Senin, 14 Februari 2011

Kontroversi Gelar Adat Batak untuk SBY

Rencana pemberian gelar "Patuan Sorimulia Raja" kepada Presiden SBY dan "Naduma Harungguan Hasayangan" kepada ibu negara Ani Yudhoyono oleh masyarakat Batak ditolak. SBY dinilai tidak pantas mendapatkan gelar adat dari masyarakat Batak karena tidak mampu memimpin Indonesia menjadi lebih baik, apalagi cenderung bersifat politis.
Penolakan datang dari Partukkoan Naposo Bangso Batak (PNBB), dengan berunjuk rasa di dua lokasi, di Kota Medan, Minggu (16/1). Di kawasan tugu air mancur, Jalan Sudirman, massa membawa spanduk dan poster kecaman serta menggelar orasi penolakan atas rencana pemberian gelar yang disematkan bersamaan pada acara peresmian Monumen Batak, di Balige, Toba Samosir pada 18 Januari 2011.

Massa kemudian long march menuju Tugu Raja Sisingamangaraja XII, di Jalan Sisingamangaraja, kawasan Teladan. Di sana, massa mengadu kepada arwah Raja Sisingamangaraja karena mereka menilai TB Silalahi selaku fasitator pemberian gelar itu secara sepihak menjual suku Batak demi kepentingan politik.

Dalam aksinya, massa juga menangis dan meraung, memohon agar arwah Raja Sisingamangaja mengutuk oknum yang sengaja menjadikan suku Batak sebagai komoditas politik elit tertentu.
Koordinator aksi PNBB, Edi Barita Malau menegaskan, SBY tidak pantas menyandang gelar Raja Batak karena tidak pernah memperhatikan sarana dan prasarana di tanah Batak sejak SBY menjabat sebagai presiden.

"Intinya, kami sangat menolak penabalan gelar adat Batak kepada SBY. Kalau ini terjadi, adat Batak sudah diinjak-injak harkat dan martabatnya, karena ini tidak sesuai dengan idealisme serta cita-cita masyarakat Batak yang rindu akan pemimpin yang peduli dengan keadilan," kata Edi.

Selain menolak SBY menjadi orang Batak, massa PNBB ini juga menyampaikan pernyataan sikap menuntut pemerintahan SBY bertanggung jawab terhadap kriminalisasi jemaat HKBP di Bekasi. serta menangkap oknum yang terlibat konspirasi pemberian gelar adat kepada pejabat yang berujung pada kemiskinan, dan ketertindasan.

Selain menggelar aksi, massa juga membagi-bagikan selebaran kepada pengendara yang melintas di lokasi aksi serta memasang spanduk di sejumlah titik terkait penolakan pemberian gelar Raja Batak kepada SBY.

Tokoh pemuda Batak, Benget Silitonga, mempertanyakan dasar pemberian gelar adat kepada SBY. Menurut aktivis prodemokrasi yang bergabung dalam Bakumsu ini, pemberian gelar adar itu jelas politisasi dan eksploitasi adat dan budaya Batak secara keseluruhan. "Batak bukan bangsa murahan," tegas Benget.

Gelar Biasa
TB Silalahi menyatakan bahwa gelar yang akan diberikan kepada SBY bukan "Raja Batak", namun gelar kehormatan biasa saja. "Kalau disebut beliau diberi gelar Raja Batak, itu keliru.
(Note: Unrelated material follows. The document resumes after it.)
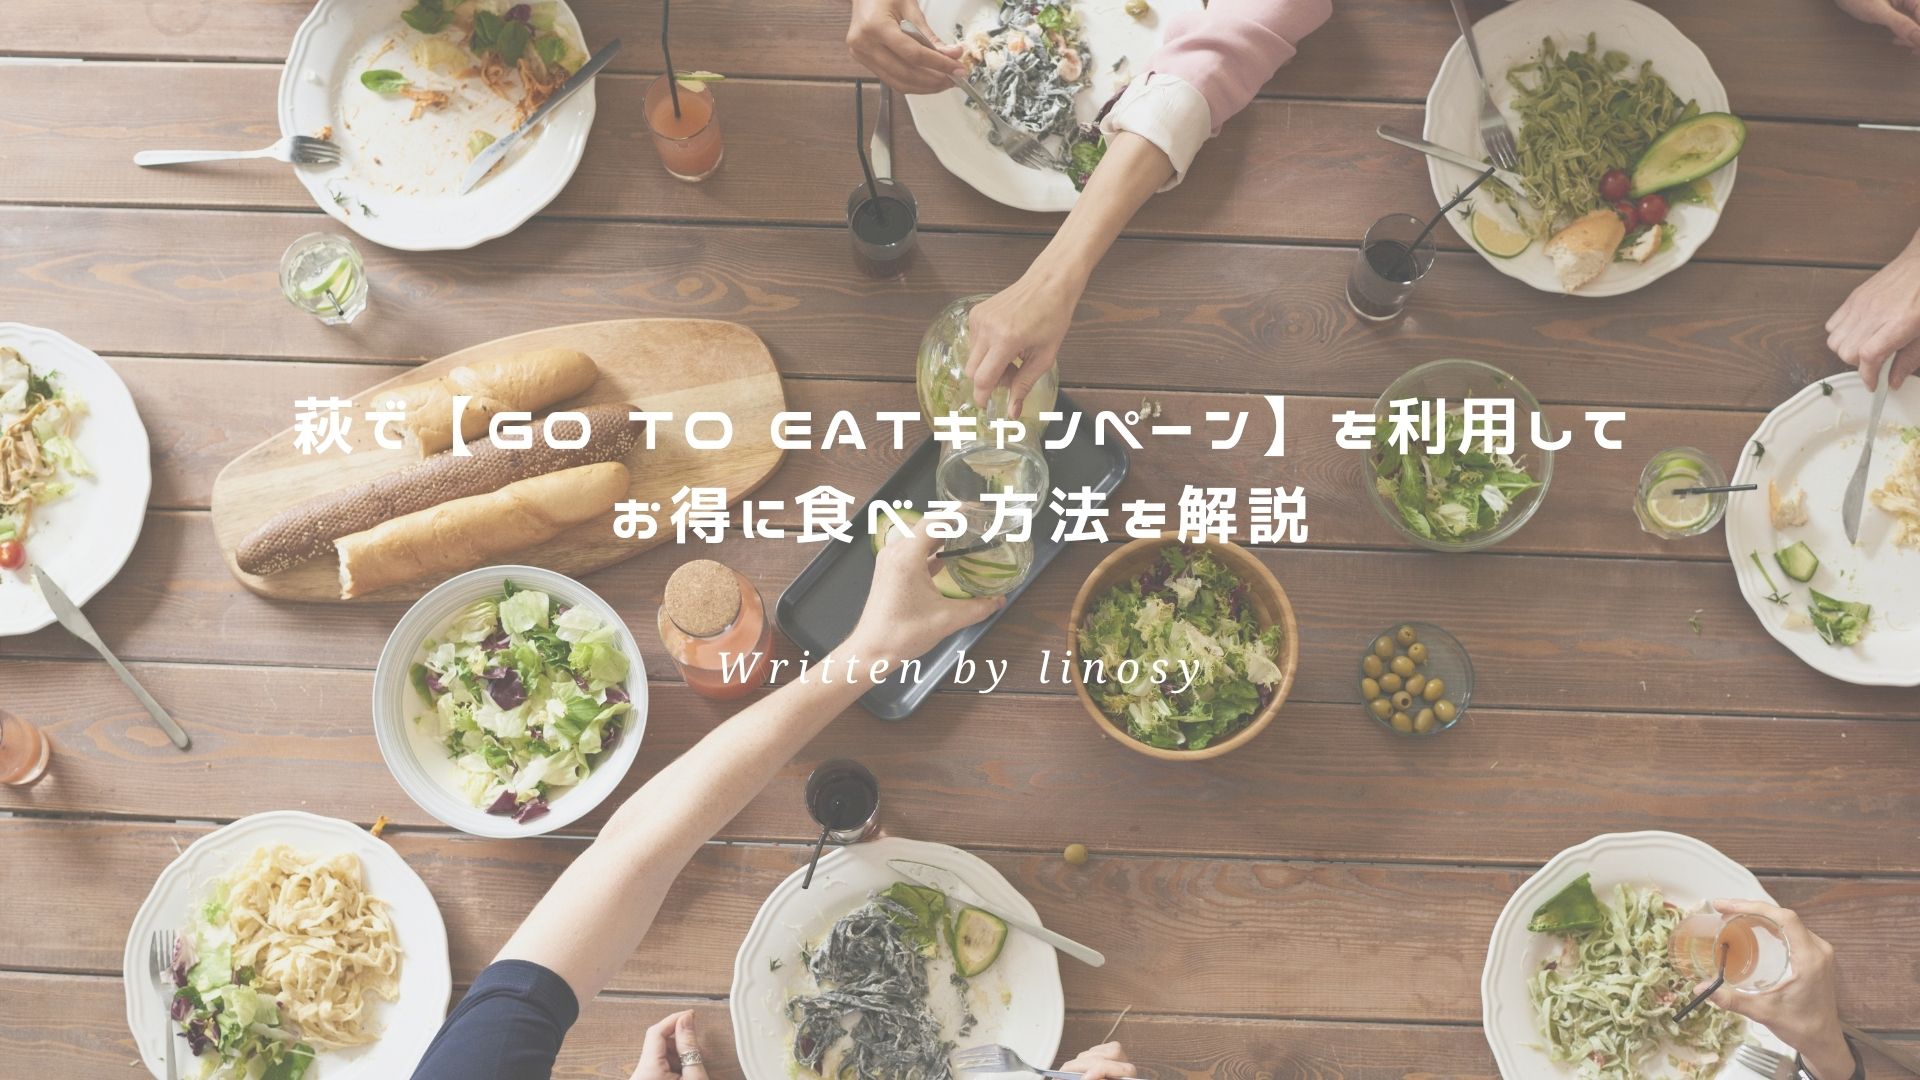 Go To Eatキャンペーン アイキャッチ

Nggak ada gelar Raja Batak," kata penggagas berdirinya Museum Batak ini.

Pendukung berdirinya Museum Batak, menurut TB Silalahi, adalah 6 suku Batak, yakni Dairi Pakpak, Karo, Simalungun, Toba, Mandailing dan Angkola. Dari 6 suku tersebut, cuma Angkola yang memberikan gelar kehormatan kepada SBY.

"Cuma suku Angkola yang memberi gelar kehormatan, semacam sri baginda. Tapi bukan Raja Batak," tegas mantan anggota Wantimpres tersebut.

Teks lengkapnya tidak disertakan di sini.